La règle générale rappelée par l’administration (mise à jour au 5 janvier 2026) est la suivante : l’employeur verse au salarié une indemnité correspondant à 60 % du salaire brut par heure chômée, soit environ 72 % du salaire net horaire.

  • Taux : 60 % du brut par heure chômée (≈ 72 % du net horaire).
  • Plancher : l’indemnité ne peut pas être inférieure à 9,52 € par heure chômée.
  • Plafond : l’indemnité ne peut pas dépasser 32,45 € par heure chômée.

Source : Entreprendre.Service-Public.gouv.fr – « Rémunération d’un salarié en chômage partiel (activité partielle) », vérifié le 05/01/2026.

Combien d’heures sont indemnisées ? (ce détail change tout)

On n’indemnise pas « un mois entier » indistinctement : on indemnise des heures chômées dans certaines limites.

  • En cas général, les heures indemnisées sont les heures chômées dans la limite de la durée légale (35h) ou, si elle est inférieure, la durée collective/contractuelle.
  • Si vous êtes à 39h via contrat ou accord collectif : les heures indemnisables peuvent aller jusqu’à la durée prévue (ex. 39h), selon la situation décrite par l’administration.
  • Les heures supplémentaires non prévues par contrat/accord collectif ne sont pas indemnisées au titre de l’activité partielle.

Exemples concrets : comment estimer votre perte (ou votre maintien)

Exemple 1 : salarié au SMIC proche du plancher

Si votre rémunération horaire est basse, le plancher peut jouer un rôle protecteur : une partie de vos heures chômées peut être indemnisée au minimum prévu (9,52 € / heure chômée). Résultat : l’écart par rapport à 60 % du brut « pur » peut être réduit.

Exemple 2 : cadre / salaire élevé : le plafond peut vous rattraper

À l’inverse, pour un salaire horaire élevé, l’indemnité peut buter sur le plafond (32,45 € / heure). C’est une des raisons pour lesquelles certains salariés constatent une baisse plus importante que prévue « sur le papier ».

Exemple 3 : vous avez un complément employeur

Votre convention collective, un accord d’entreprise ou une décision unilatérale peuvent prévoir une indemnisation complémentaire. Dans ce cas, votre « reste à charge » peut diminuer fortement.
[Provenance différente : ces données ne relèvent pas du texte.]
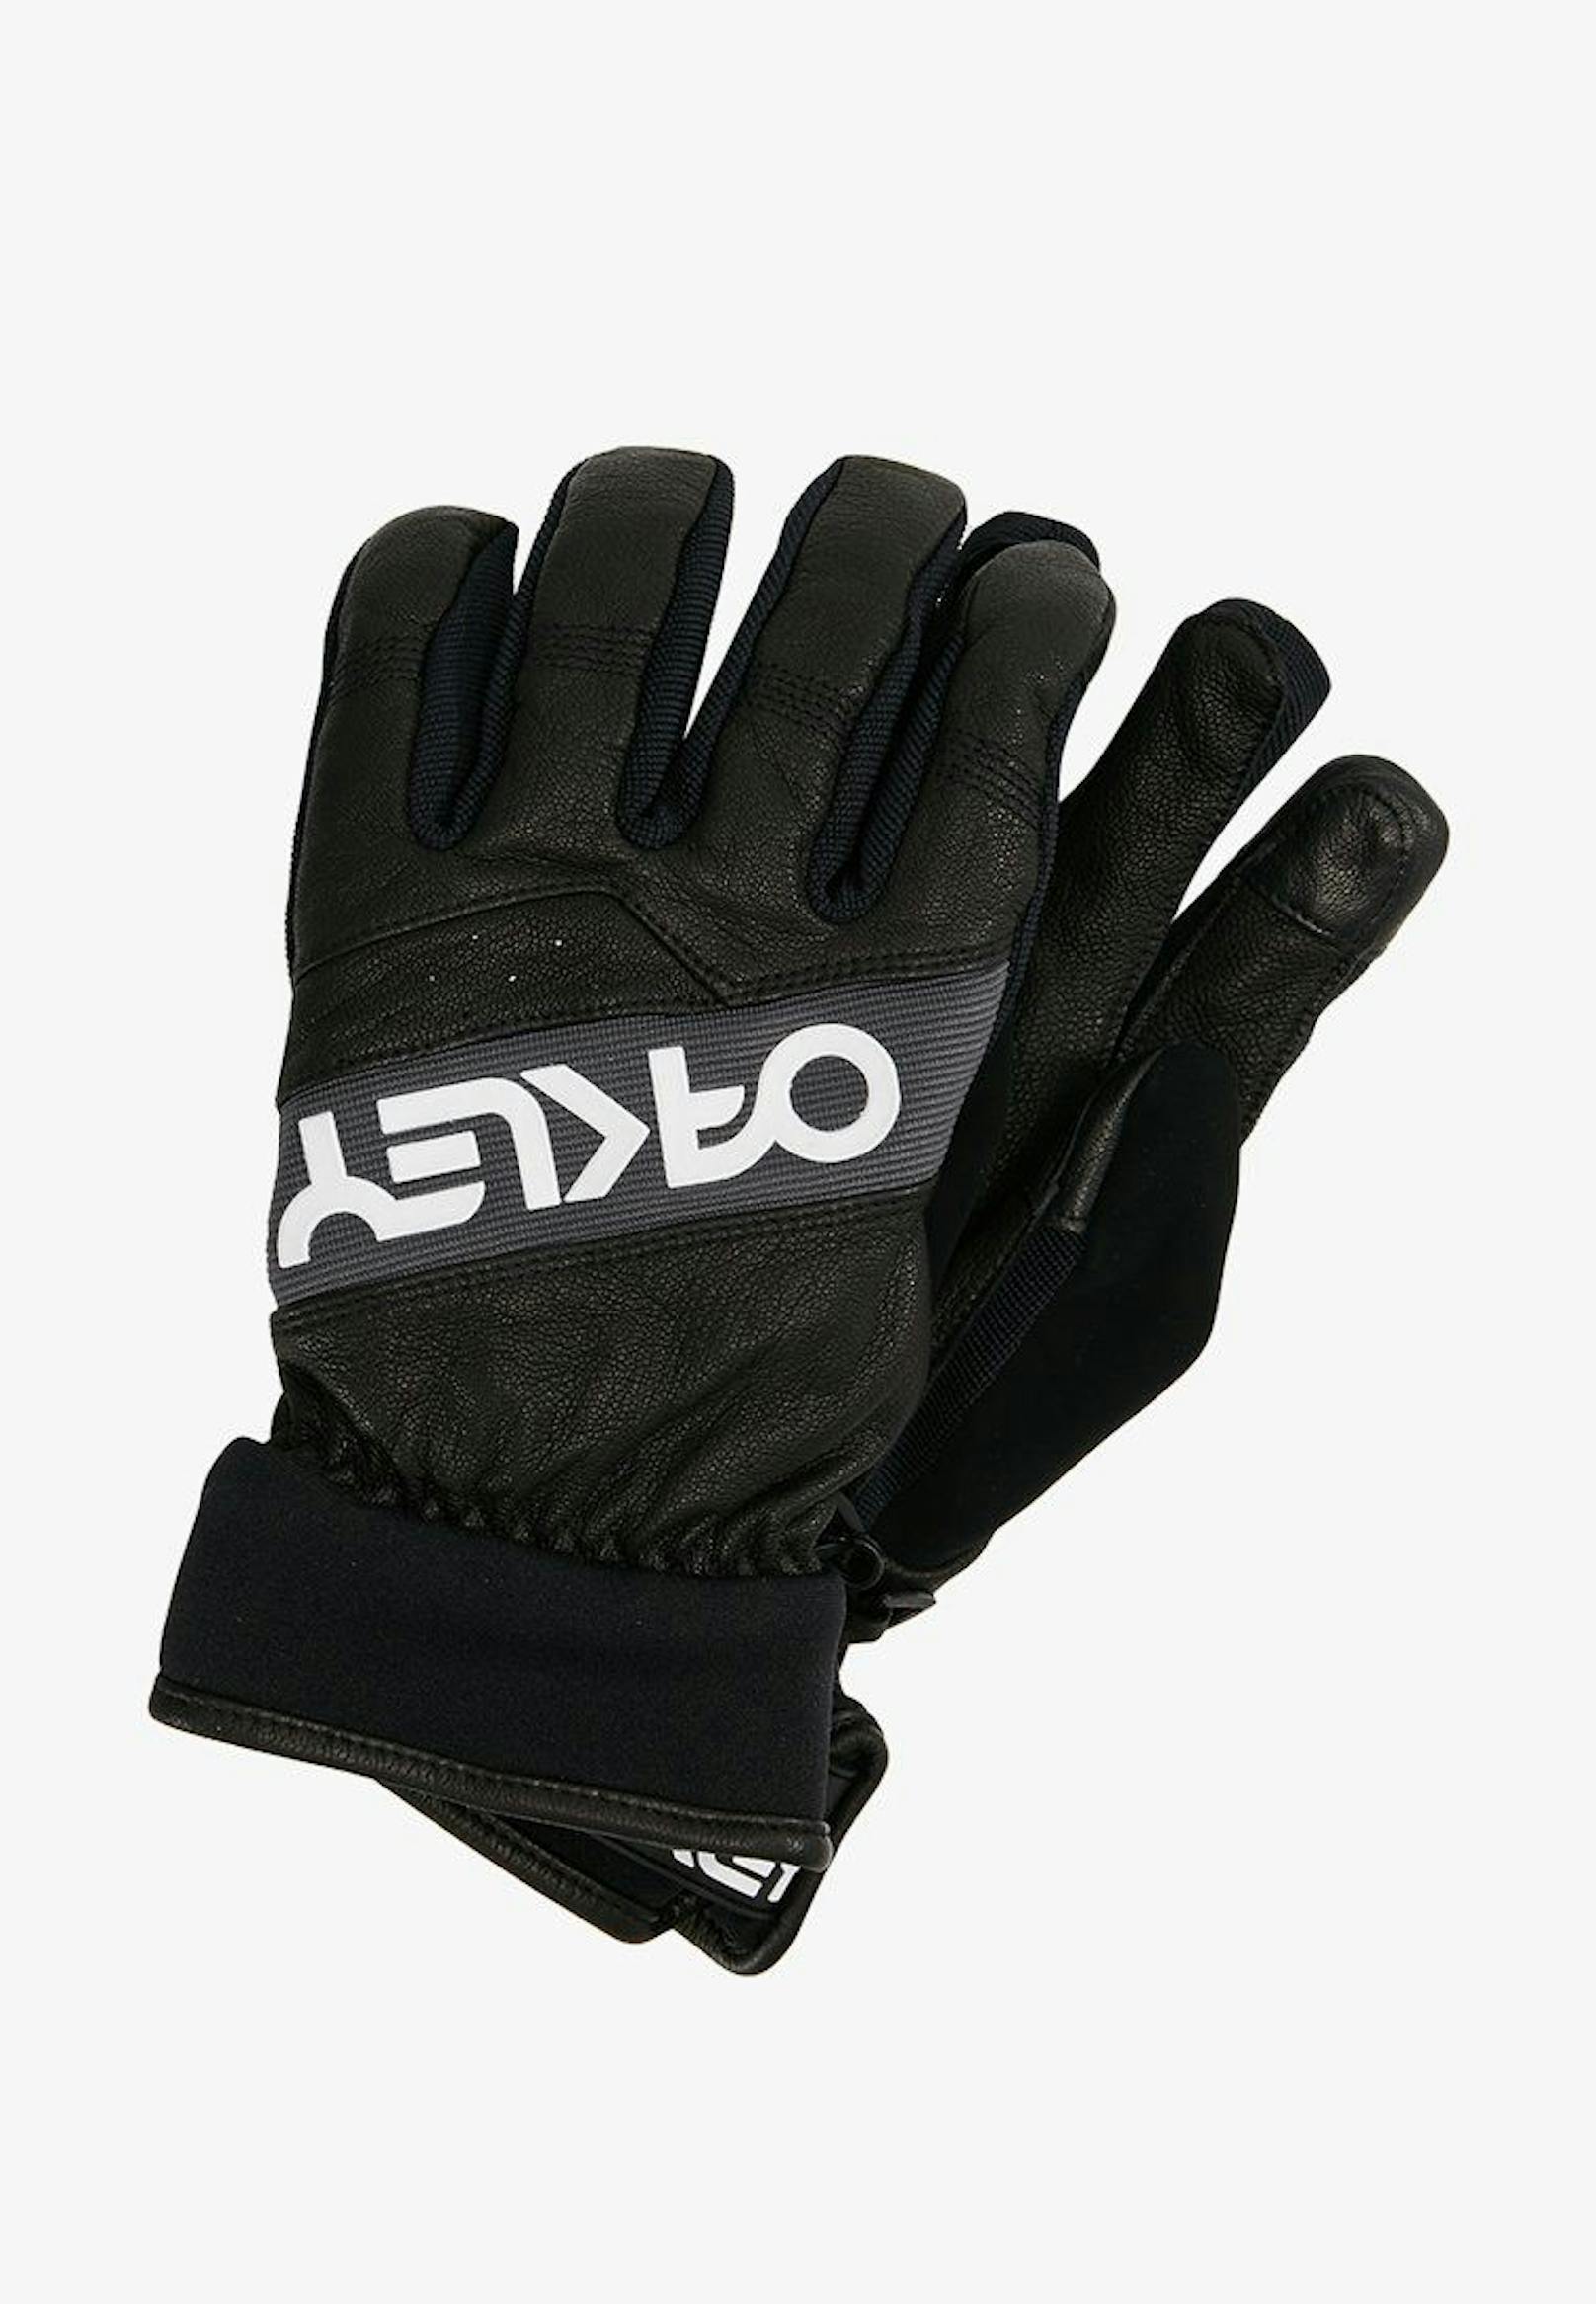 Factory Winter Glove Fingerhandschuh von Oakley: <strong><a target="_blank" href="https://www.zalando.at/oakley-factory-winter-glove-fingerhandschuh-oa342l02n-q11.html">Im Zalando-Shop um € 59,99 zu haben.</a></strong>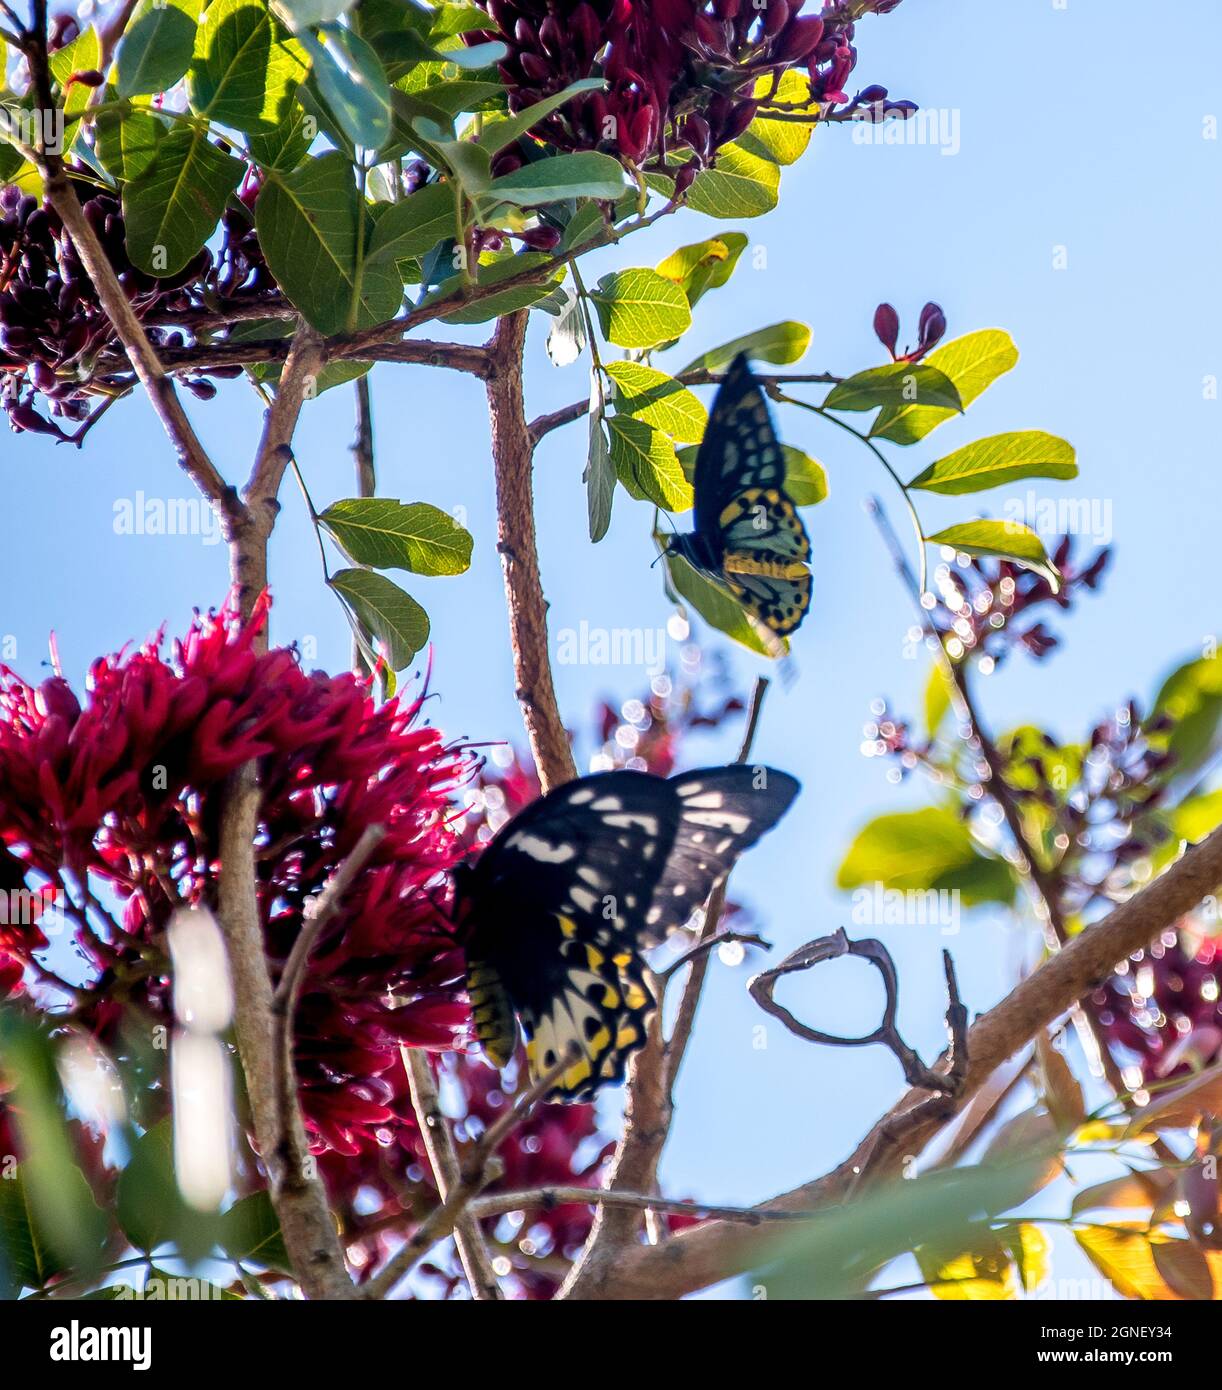 Männliche und weibliche geschützte Richmond Birdwing Schmetterlinge, Ornithoptera richmondia, in einem Baum mit roter Blüte. Tamborine Mountain, Queensland, Australien Stockfoto

Mais ce complément n’est pas automatique : il dépend du texte applicable et de la politique de l’employeur.

Ce que vous devez voir sur votre bulletin de paie

L’employeur doit faire figurer sur le bulletin de paie (ou un document annexé) :

  • le nombre d’heures indemnisées,
  • les taux appliqués,
  • les sommes versées.

Les réactions : pourquoi le sujet explose en 2026

La requête « chômage technique salaire » repart en flèche dès que l’économie ralentit ou qu’un secteur annonce des réductions d’activité. En pratique, la surprise vient souvent de trois éléments : (1) le passage du salaire à une indemnité, (2) l’impact des plafonds/planchers, (3) la confusion entre brut et net. Les discussions se cristallisent aussi sur les compléments conventionnels : « dans ma boîte on complète / chez nous non ».

L’analyse : 3 erreurs courantes à éviter

  1. Comparer votre indemnité à votre net habituel sans recalculer à l’heure : l’activité partielle se raisonne en heures chômées, pas en « mois ».
  2. Oublier les plafonds/planchers : ils peuvent écraser ou relever l’indemnité.
  3. Ne pas vérifier l’existence d’un complément : convention collective, accord, ou décision unilatérale peuvent changer la donne.

Et maintenant ? (check-list rapide)

  • Demandez le nombre d’heures chômées retenues pour le mois.
  • Vérifiez le taux et l’application du plancher/plafond.
  • Consultez votre convention collective (ou le CSE/RH) : complément oui/non ?
  • Conservez vos bulletins : l’activité partielle doit être traçable.